## REQUIRED WORK
Taking only the lines of the data below from the line with "Encuesta Plaza Pública – 1ra semana de junio" to the line with "Оперативная статистика по", ends included, write them out exactly and without pictures.

## PROVIDED RECORDS
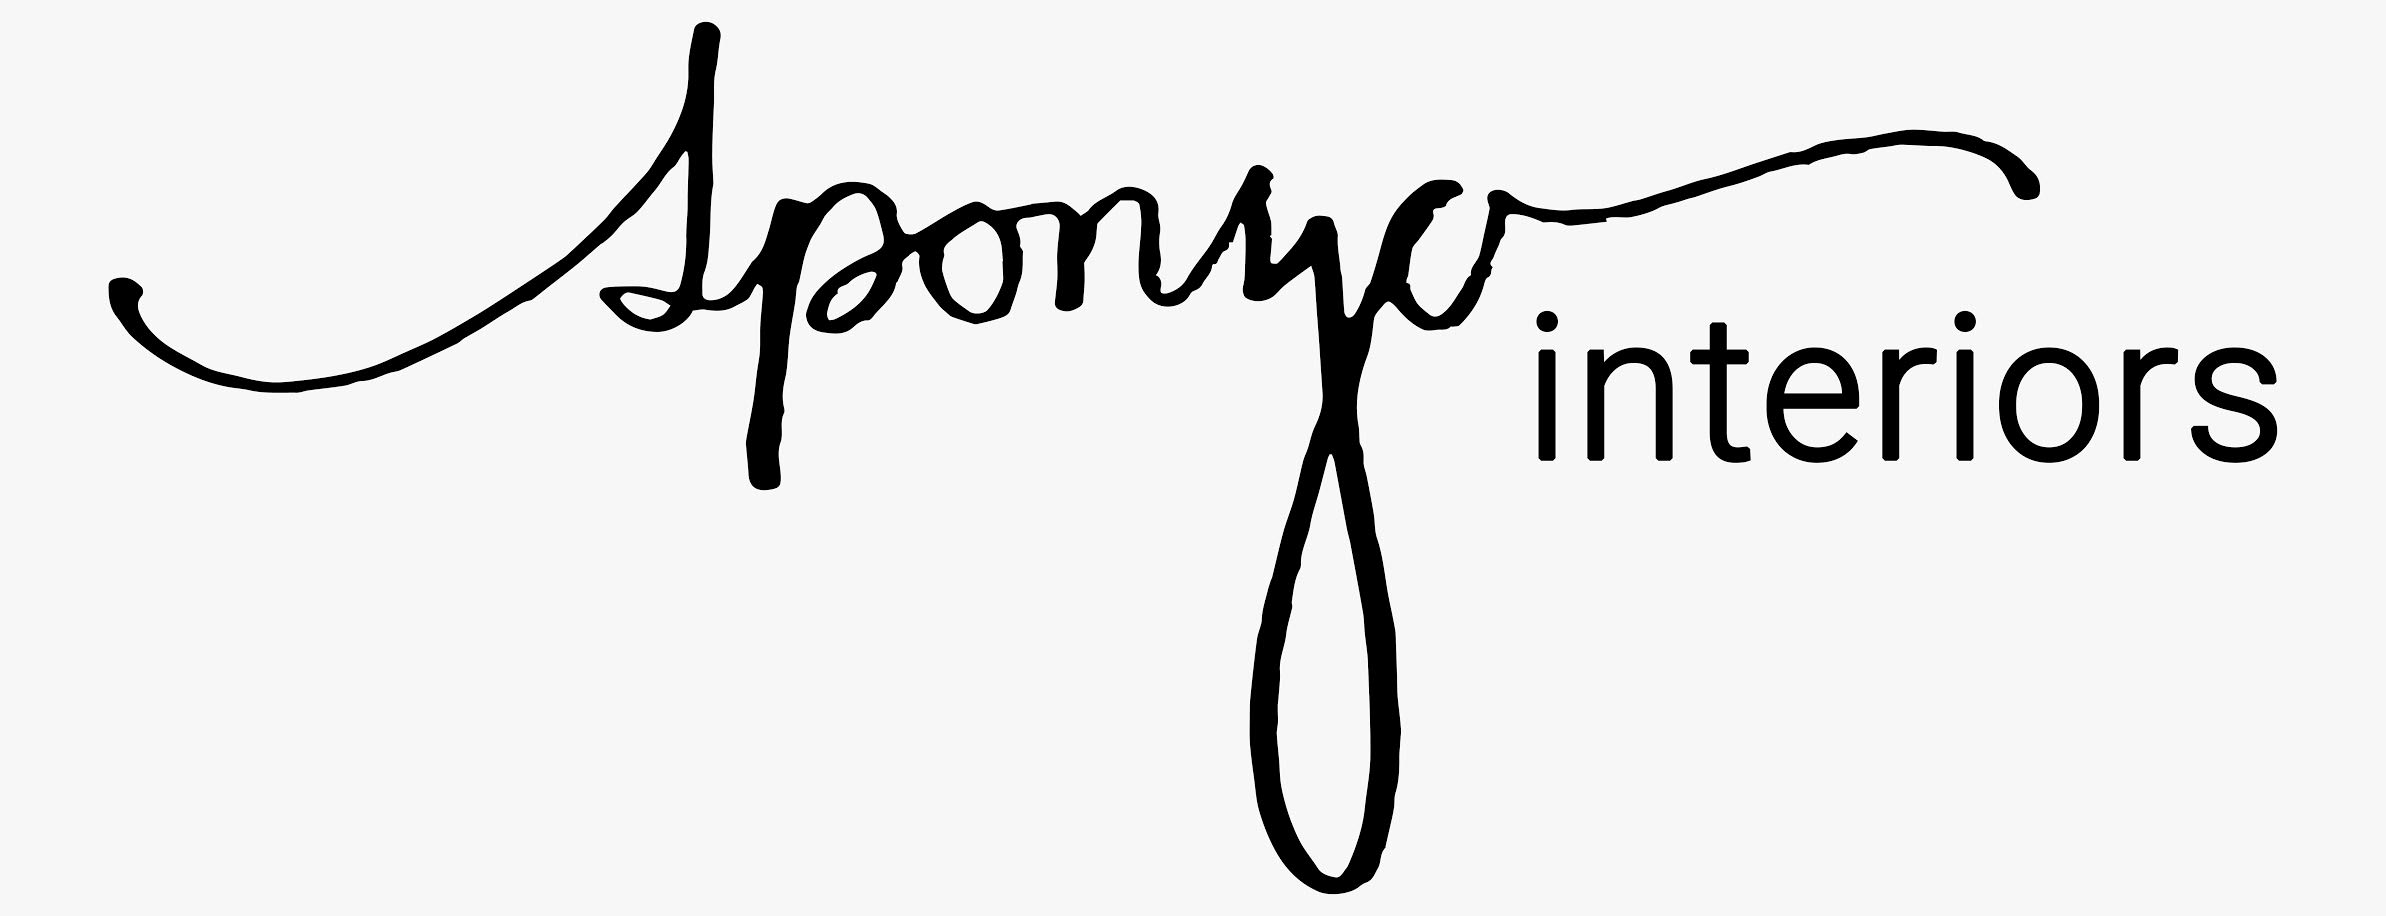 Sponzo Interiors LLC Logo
...
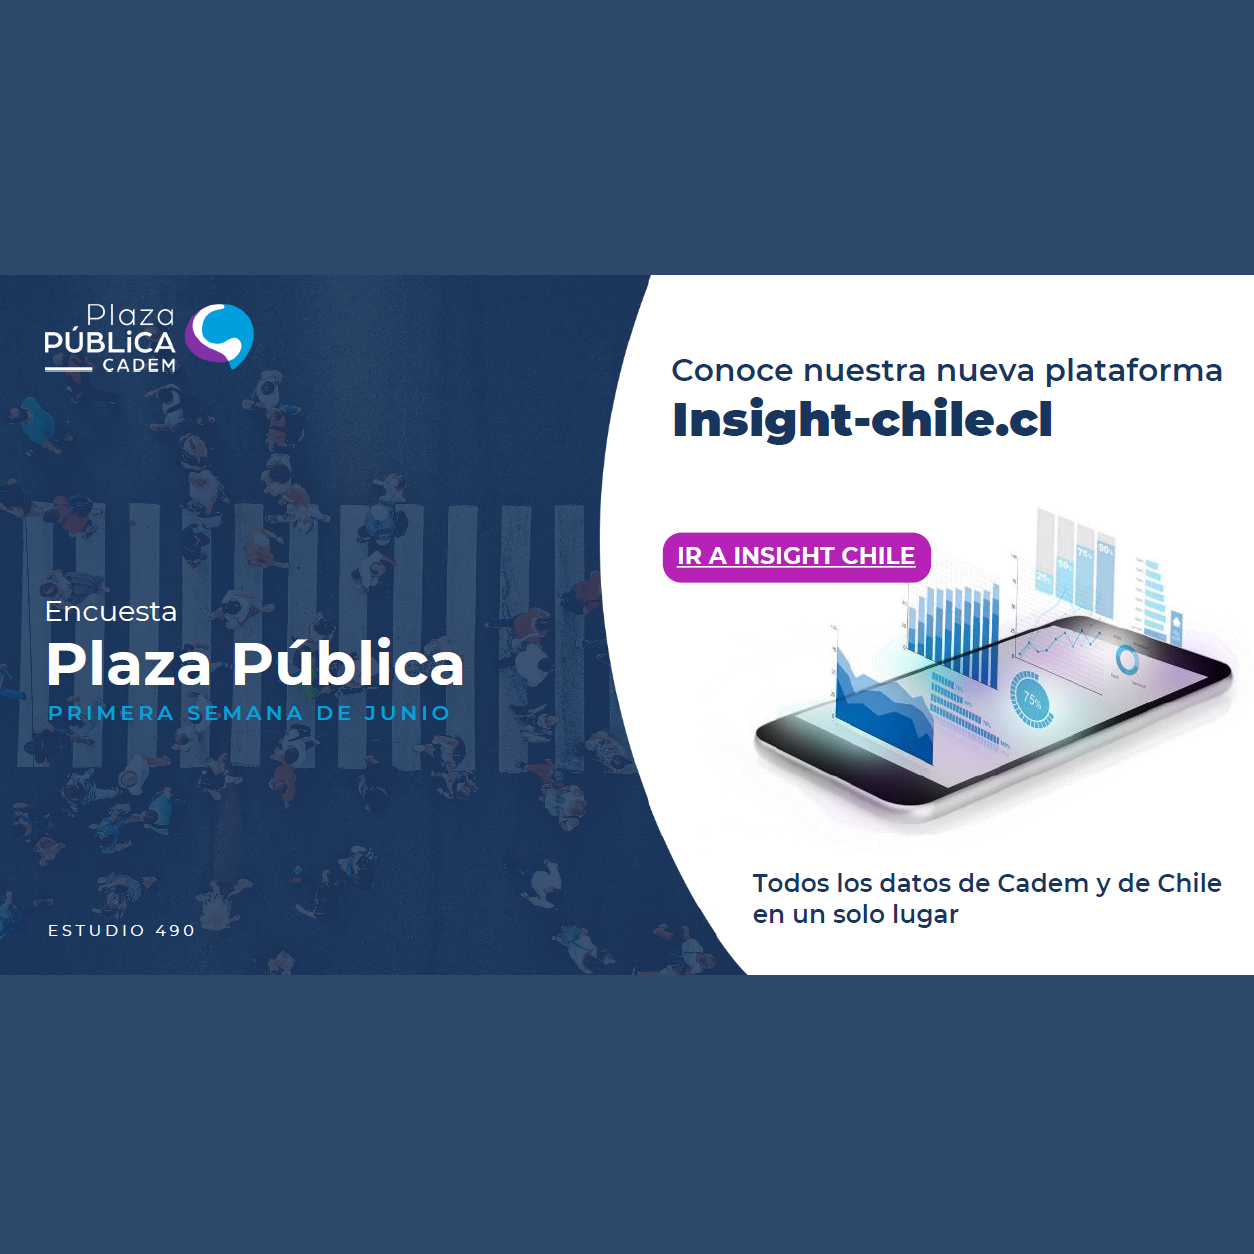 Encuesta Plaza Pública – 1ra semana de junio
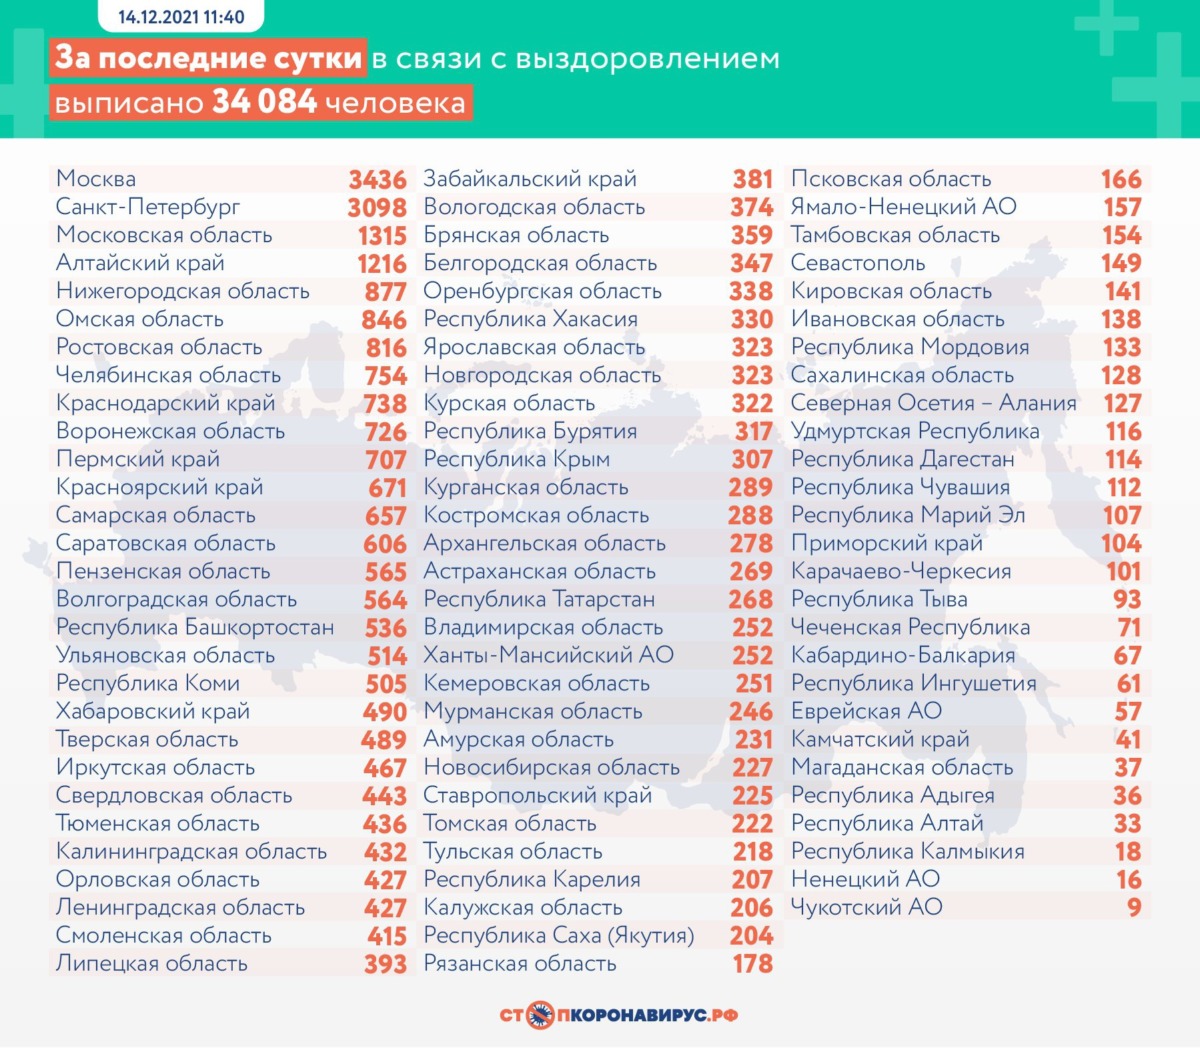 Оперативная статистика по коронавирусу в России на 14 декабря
--
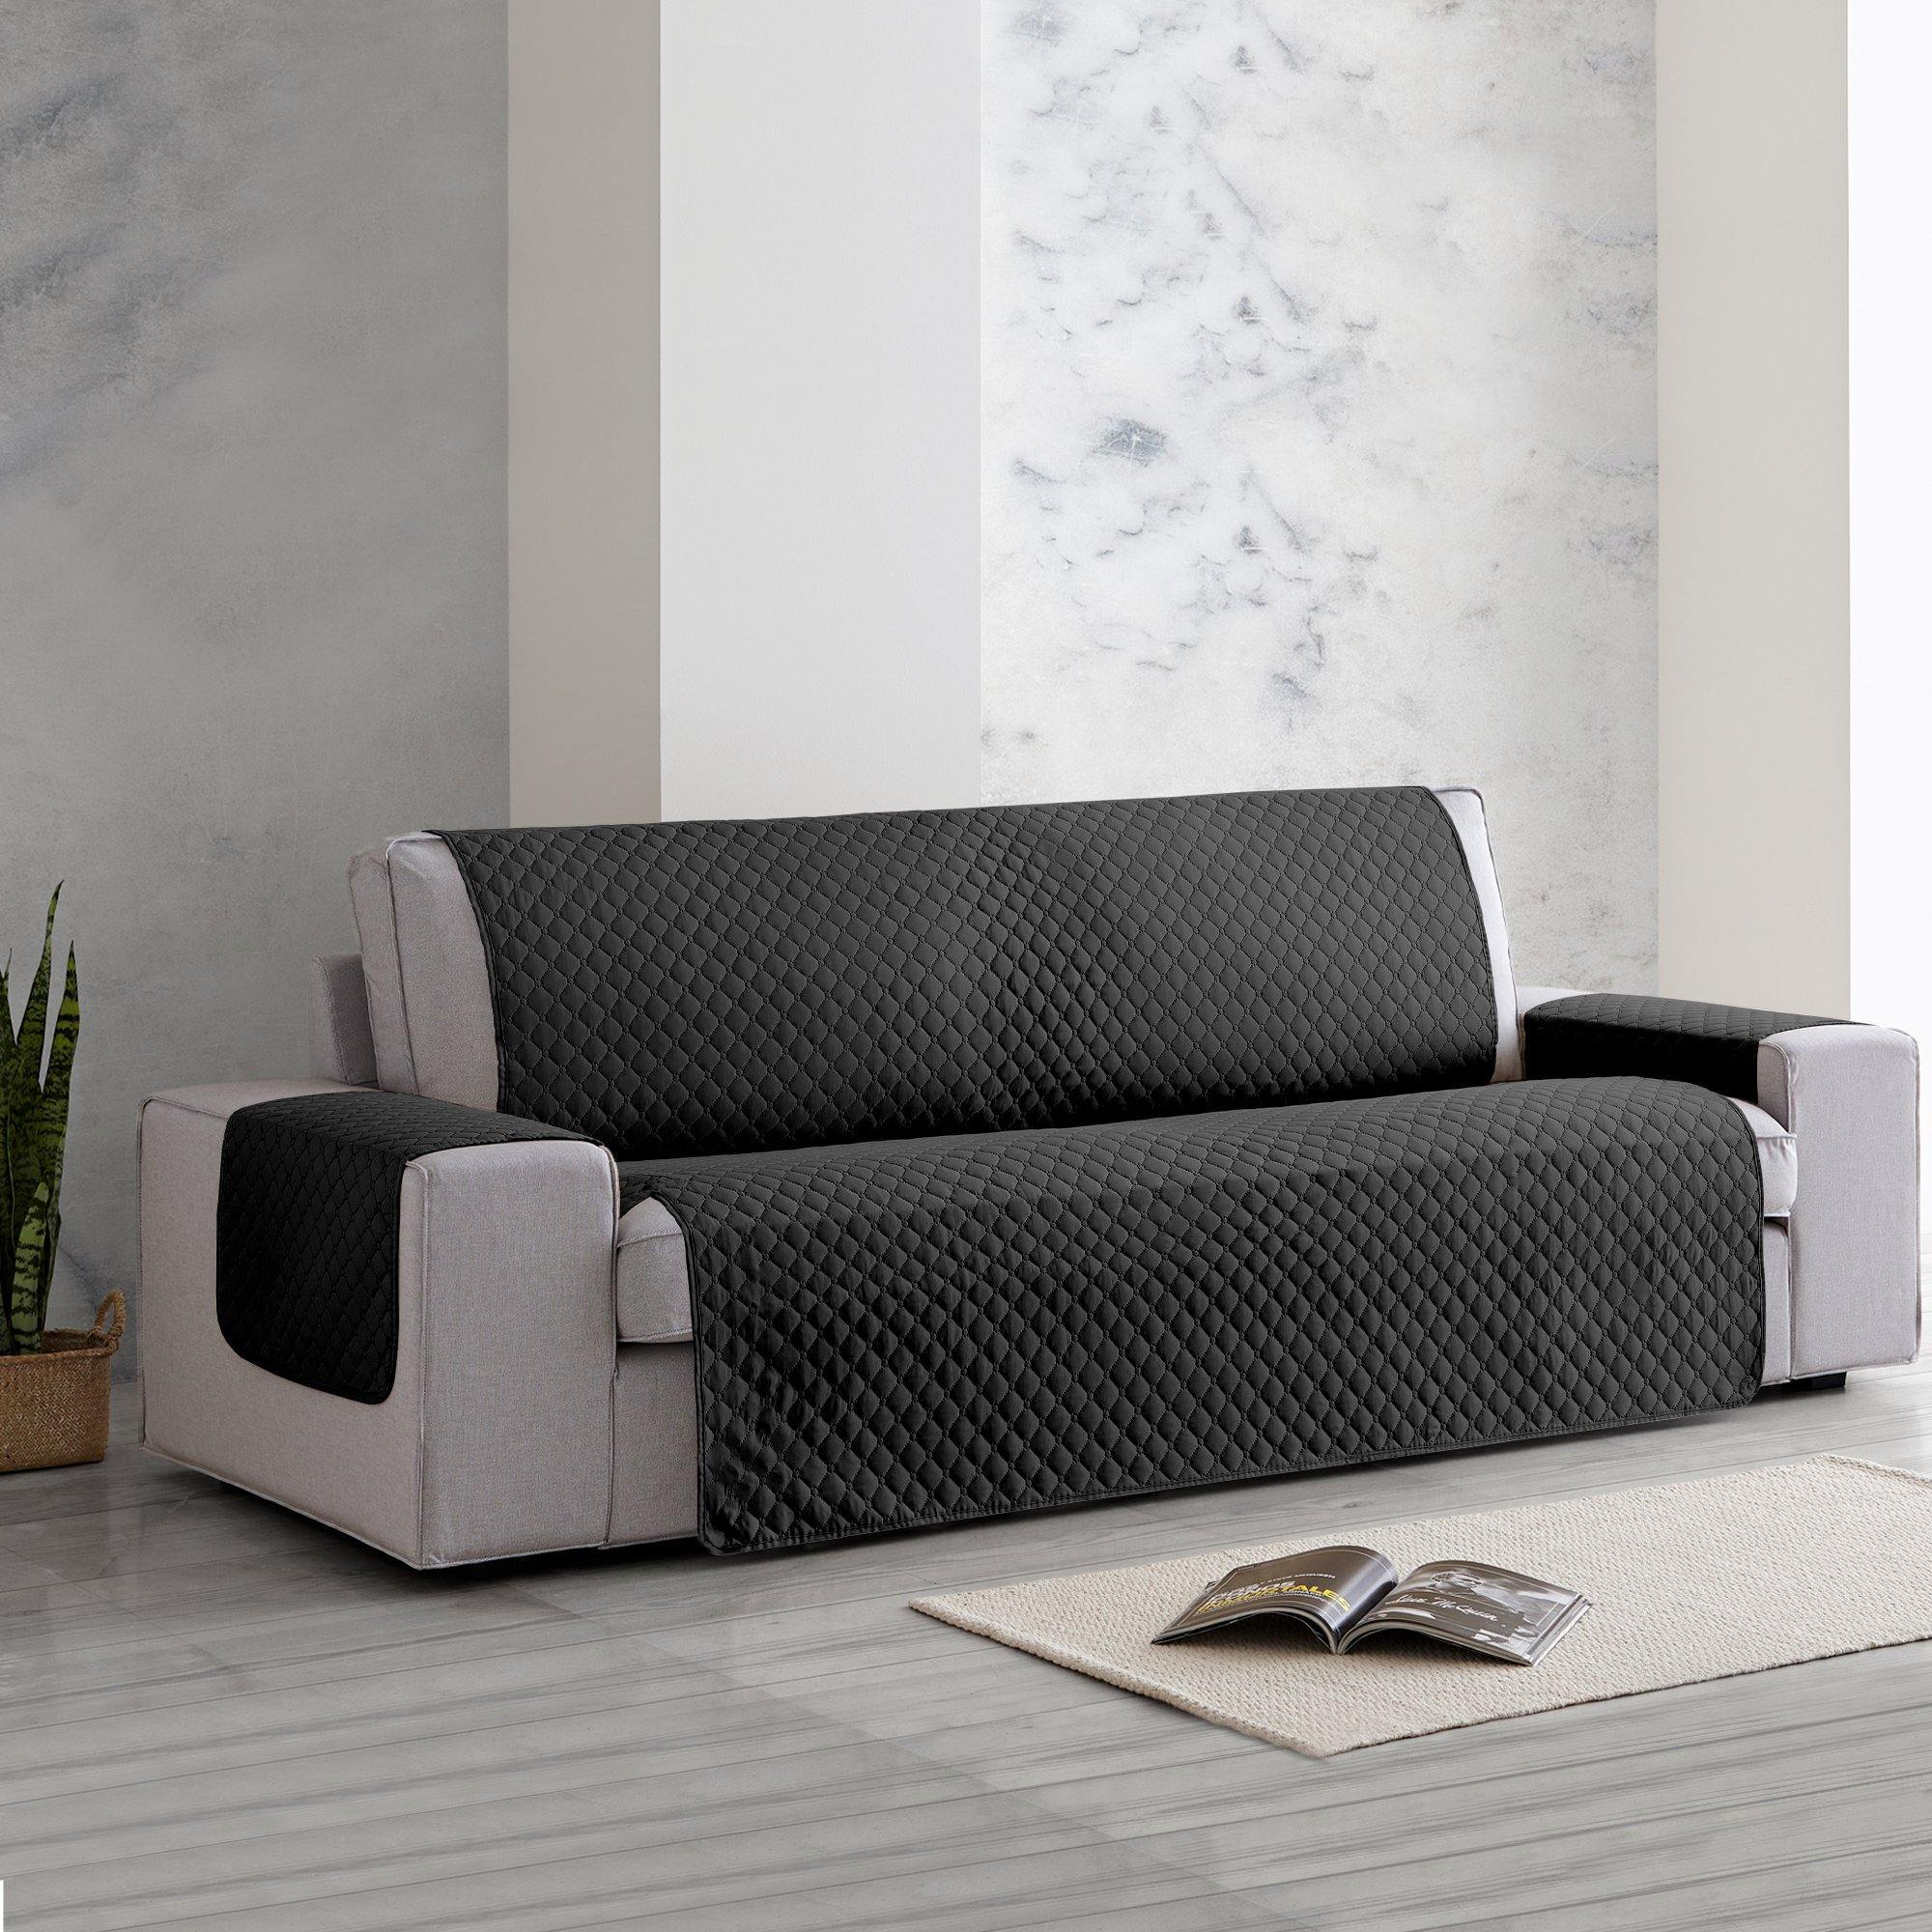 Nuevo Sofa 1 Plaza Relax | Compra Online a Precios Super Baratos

## OUTPUT BELOW
 Encuesta Plaza Pública – 1ra semana de junio
 Оперативная статистика по коронавирусу в России на 14 декабря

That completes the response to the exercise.